Gov Perry in Texas is the latest.
He promises to refuse an infusion of over $1 Billion to the state of Texas.
I wonder if he will back down from that when the hospital and physicians groups and pharmaceutical companies in Texas start lobbying his office.
He is refusing to take money that they could use to help take care of people they will have to find a way to care for anyway.
And we all agree that the care and the outcomes will be better if the disenfranchised people are effectively covered by Medicaid and given access to doctors and hospitals.

It is easy to refuse some money as a political statement when it is months before it is a real issue.
Gov Perry doesn't really have much of a backbone.
Neither does Gov Scott.

I wonder what they'll really do.


Steve Lucas said...


The “free riders” and “raise taxes so we can borrow more money” comments were taken from a Democratic leader.

Laws passed in 2005 were based on a very different economic picture. You made the comment once, valid, that an improving economy would go a long way towards solving some of our budget and social issues. This economic downturn has been the longest since the 1930’s and people tend to reflect the time in which they live. Pessimism rules the day, and the way we make decisions.

Political discourse is nonexistent. All we see as the public is this very big game of gotcha being played with our money and our lives. The right and the left have reduced themselves to squabbling children arguing over the toys in the sandbox.

Governors often see Medicaid as the single largest line item in their budget. Increasing the number of people may be only part of the cost, the real issue becomes the turn and churn nature of some practices that drive cost. In my community most of the practices are owned by the big hospital, and they are very forward in explaining that these practices are sales centers, designed to drive revenue for the hospital through testing and additional office visits.

We must also consider the President’s own decree regarding immigration and the possible addition of 800,000 previously illegal immigrants to the Medicaid roles.

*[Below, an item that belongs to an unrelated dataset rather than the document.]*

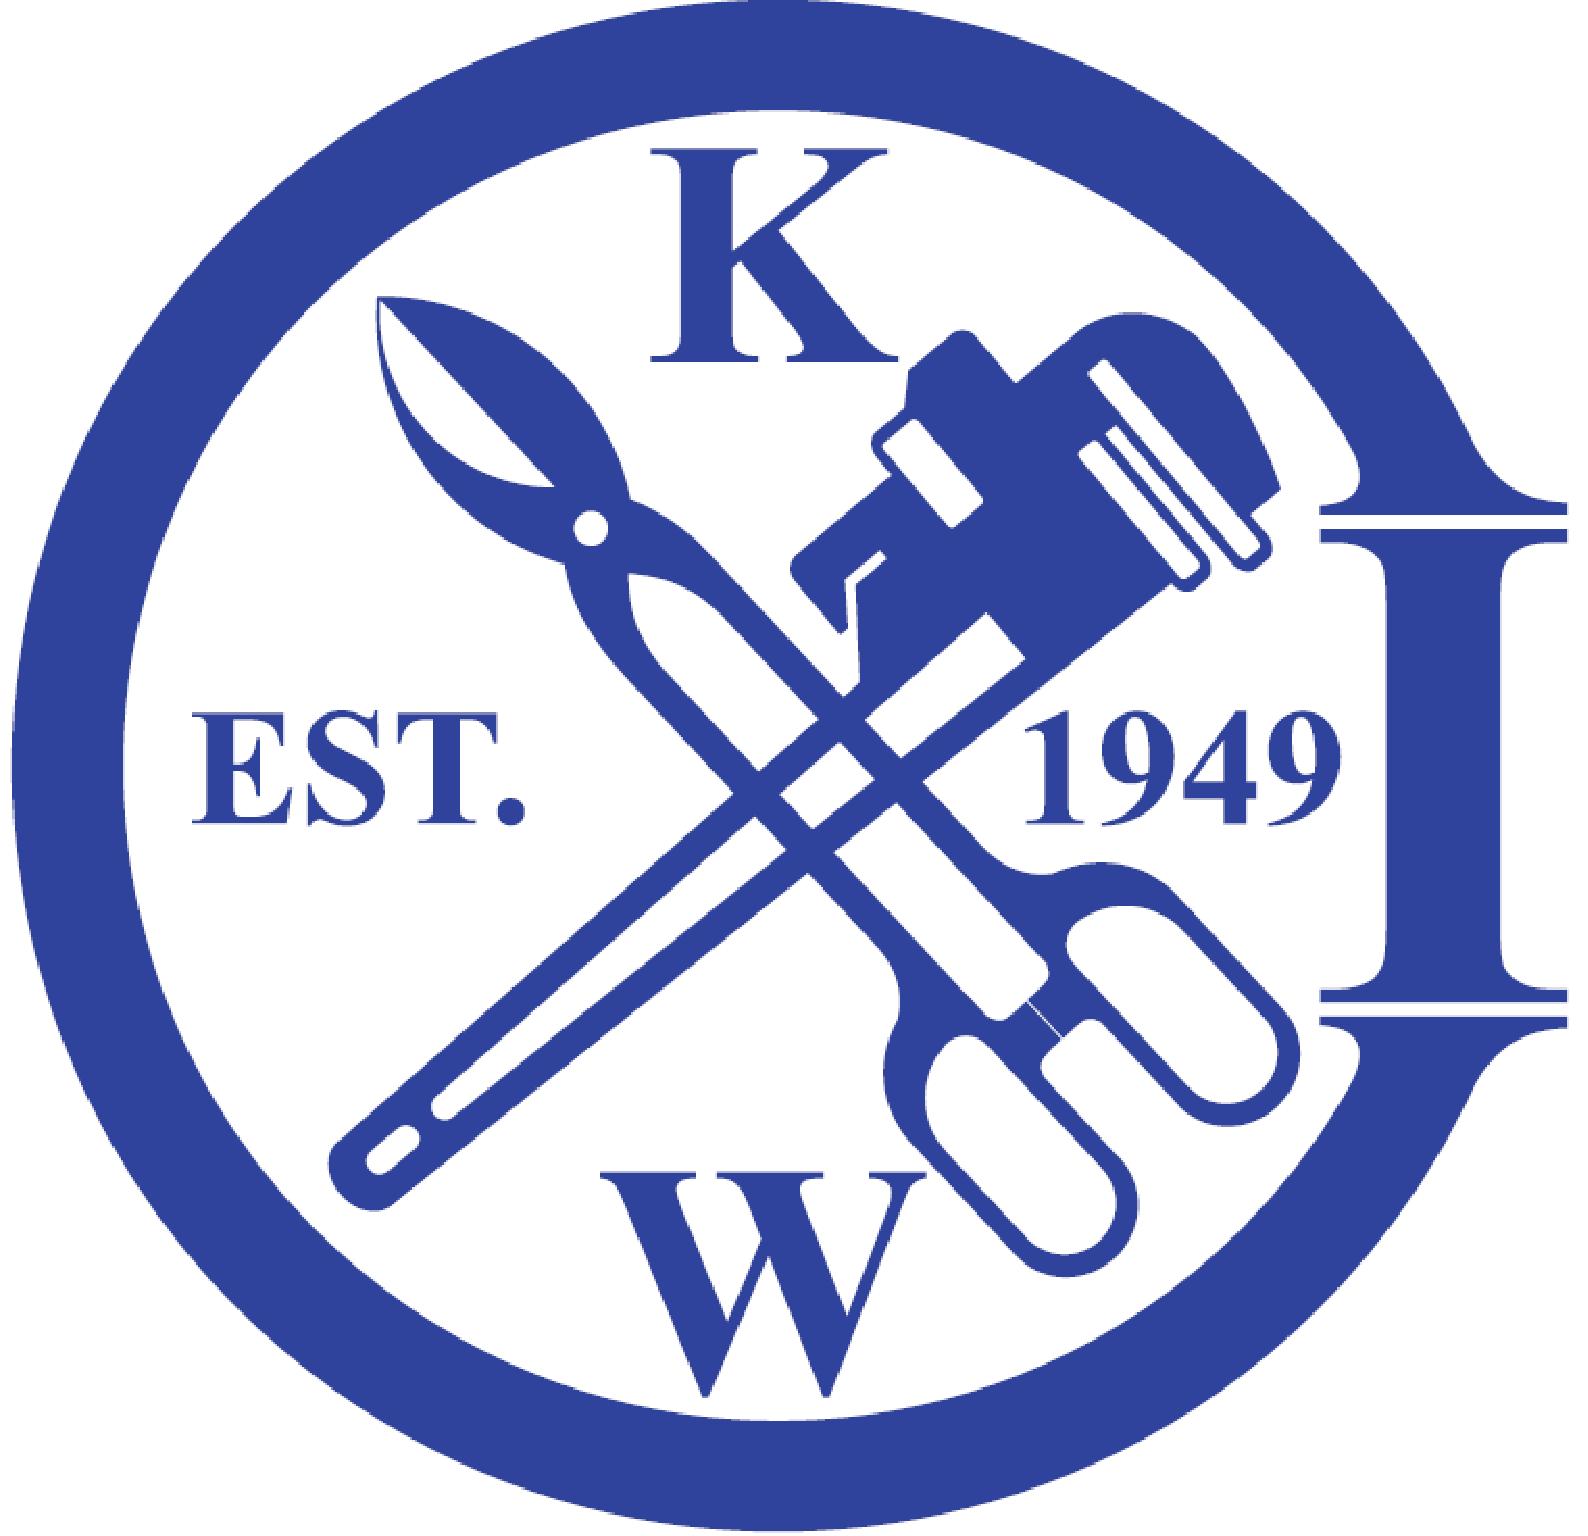 Kirk Williams Company

All of this ads cost at the national level. What we have not seen is any action on a deficit reduction plan, and there have been valid starting points from both parties.

Harrison, you and I are about as far apart as anyone that comments on this blog. We both recognize that medical care for those unable to participate in an existing insurance program is an issue. Put us in a room and not let us out until there was a solution and there would be yelling and desk pounding, but there would be a solution.

I wish we could do the same with our politicians and believe they would come to a solution.